A martinet director who demands precise exact, pre-determined performance actions should be treated respectfully in the following manner: the actor should nod sweetly to the misguided director, tell the director they will do exactly as the director asked; then, after the line is said or movement is done in performance by the actor according to the actor’s sense of reality and not the director’s martinet requirements, if the director is left unsatisfied and feels forced to re-iterate the demand in another performance--the actor should reply: “Didn’t I do it the way you wanted?! Let me try again.”

Martinet directors wear out sooner or later.

Thursday, September 09, 2010

ON ACTING: Imagining the Unimaginable

In order for an actor to be exciting, and therefore wildly popular (that is, after all, what we all want), they must take the audience on an emotional trip beyond the everyday. Just as audiences enjoy outer space movies, they also demand inner space movies.

Great performances demand actors take themselves beyond the conventional explorations of their own inner emotions, to travel beyond the known universe of feelings, beyond the superficial and conventional, to universal feelings they (both the actor and audience) have rarely experienced.

They say there are as many molecules in the human form as there are stars in the universe. Well, exciting actors take the audience beyond the know inner stars, beyond the known inner solar system, to far unimagined inner places.

To prepare for that exciting emotional journey, the actor must prepare herself: by first imagining the personal unimaginable; the sudden death of a favorite child, the murdering of a colleague, the death of oneself. To play Oedipus, who slept with his mother, killed his father and tore his own eyes out, the actor must first imagine such seeming unimaginable deeds, and be prepared to feel the deep. complex emotions which precipitate such actions.

Is it possible? Yes. Is it easy? No. Must it be done? Most certainly. In order to deeply touch many hearts, one must first deeply touch one's own.

Wednesday, September 08, 2010

ON ACTING: Exciting Reality

The student-actor had made an "choice" how to play a moment in the scene. I watched him, later said I didn't think it was a very good choice. The actor haughtily said to me "It's the way I'd do it in my everyday real life." I said "Maybe; but I doubted I'd be willing to for a $10.50 a ticket (or a $100 on Broadway) to see you in your everyday life. What I'd like to see are the choices you'd make if you were brave and exciting in your everyday life."

Sometimes a teacher has to be cruel to be kind!

A good actor knows that any acting choice must not only be real (i.e., logical to life) but must also be exciting. That's what training and experience are for: to teach and encourage actors not only to seek for reality in their performances, but to bravely seek moments of exciting reality.

"The person that pays the piper calls the tune." The paying audiences knows "real"; they experience it everyday life in their lives. They come to the theater to experience--and they often pay highly for--"exciting" reality. The actor's obligation is to provide it. Period.

Sunday, September 05, 2010

ON ACTING: For the Love of It

Do you know that the root work of amateur is "love of"? It comes from the Latin amo, amas, amat...to love. It suggests that actors, both professional and amateur, think of acting as "for the love of it", a chance to be intimately and intensely involved with another human being (and/or set of human beings) in a safe environment.
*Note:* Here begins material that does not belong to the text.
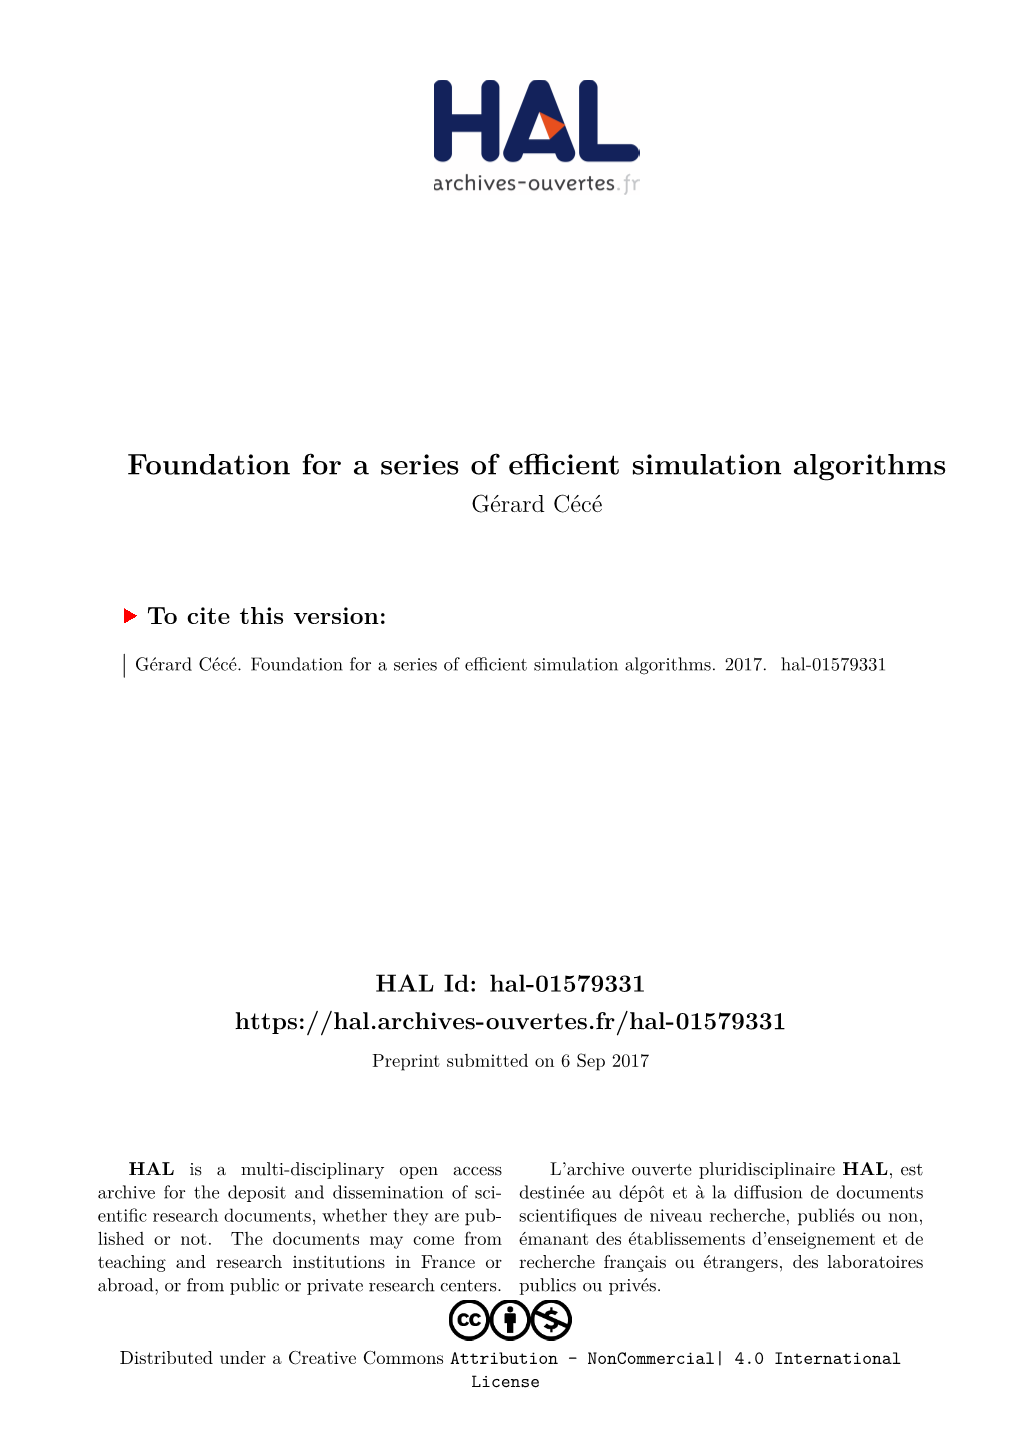 Foundation for a Series of Efficient Simulation Algorithms
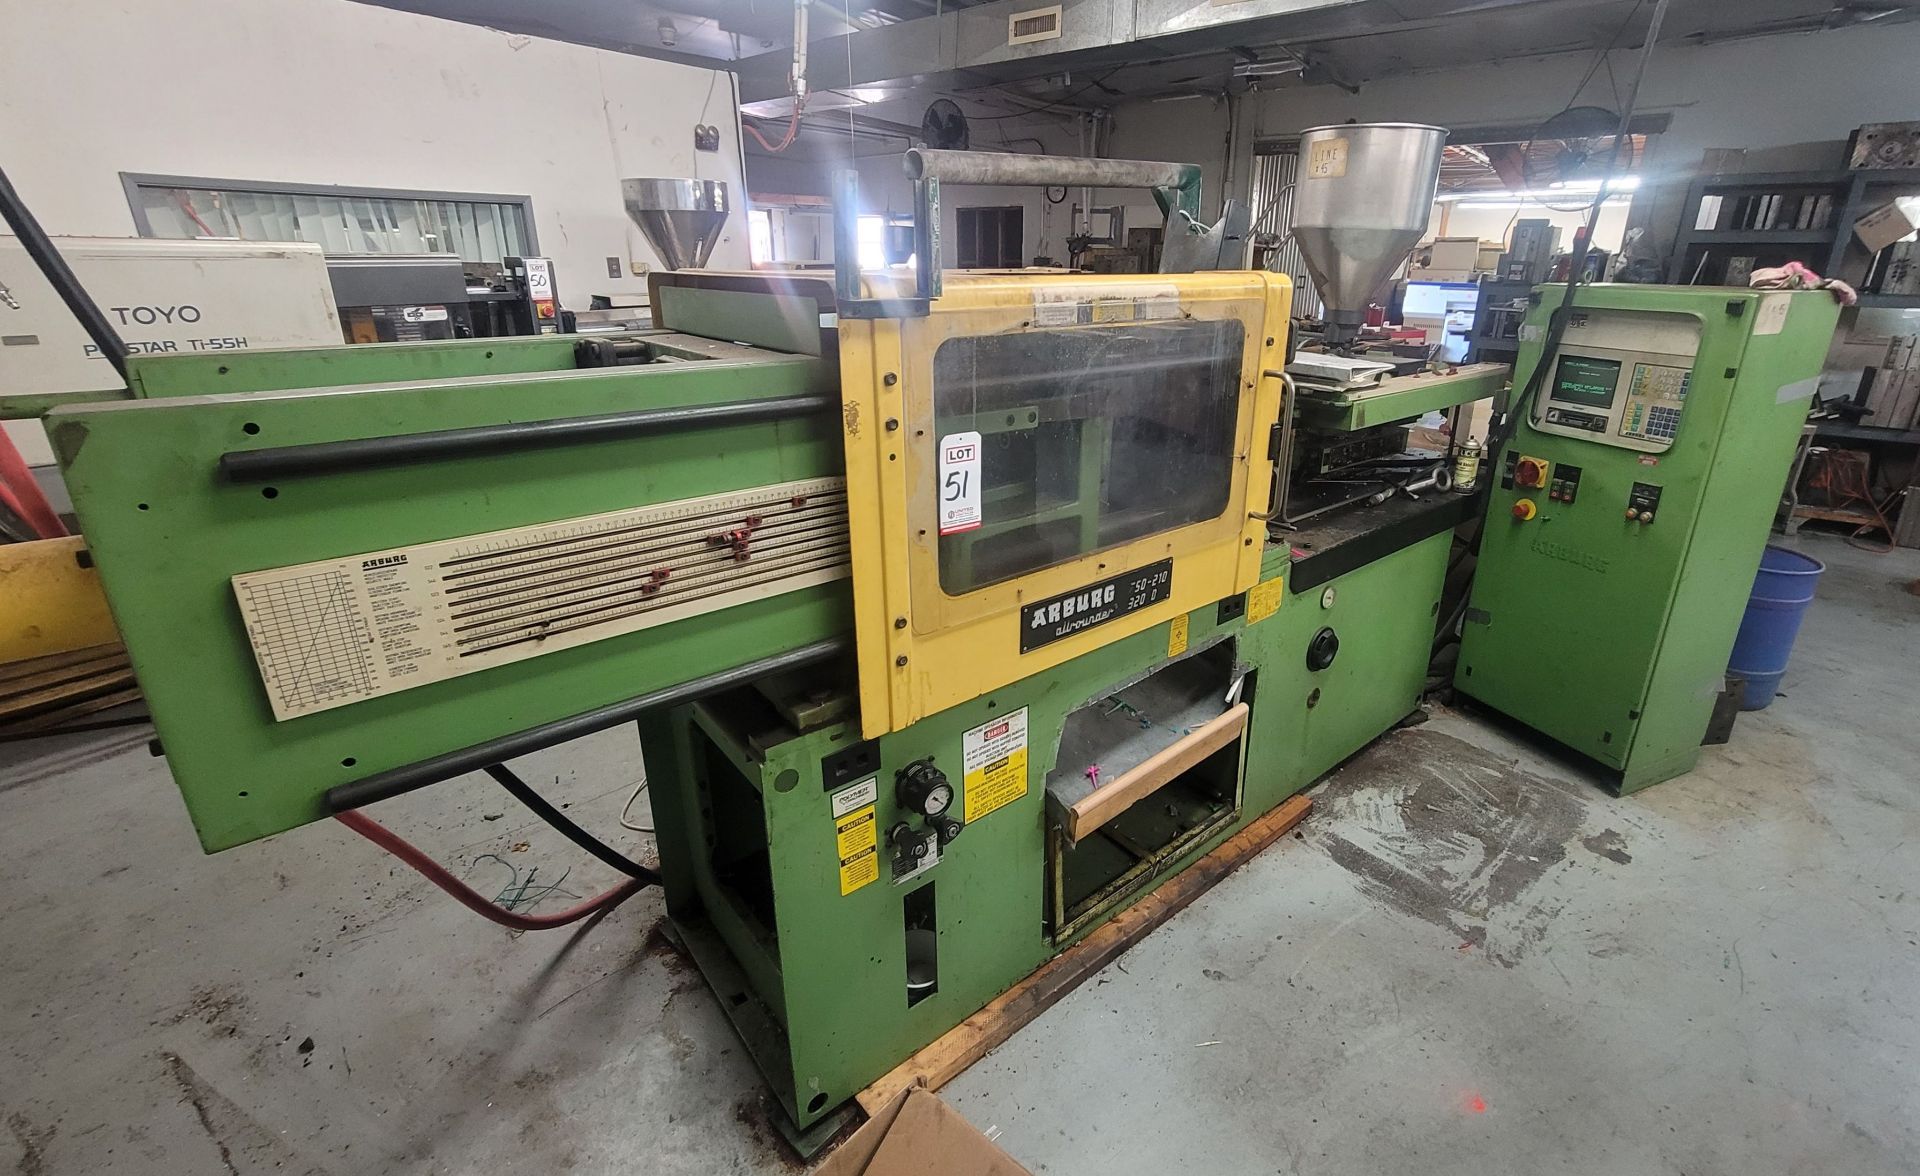 ARBURG ALLROUNDER 320 D 750-210 INJECTION MOLDING MACHINE, 75 TON CAPACITY, S/N 148908

To act is to be able to the throw away life's fears and constraints, and to safely and deeply engage other human beings; to love, to hate, to be made sad by and to be made joyful with, other people without the danger of any long-term consequences: The scene'll only hurt--or confuse you or turn you on--for a little while. Then it's "Cut," or curtain close, and off to the dressing room and home.
What a wonderful life...if you willingly, actively and bravely love it.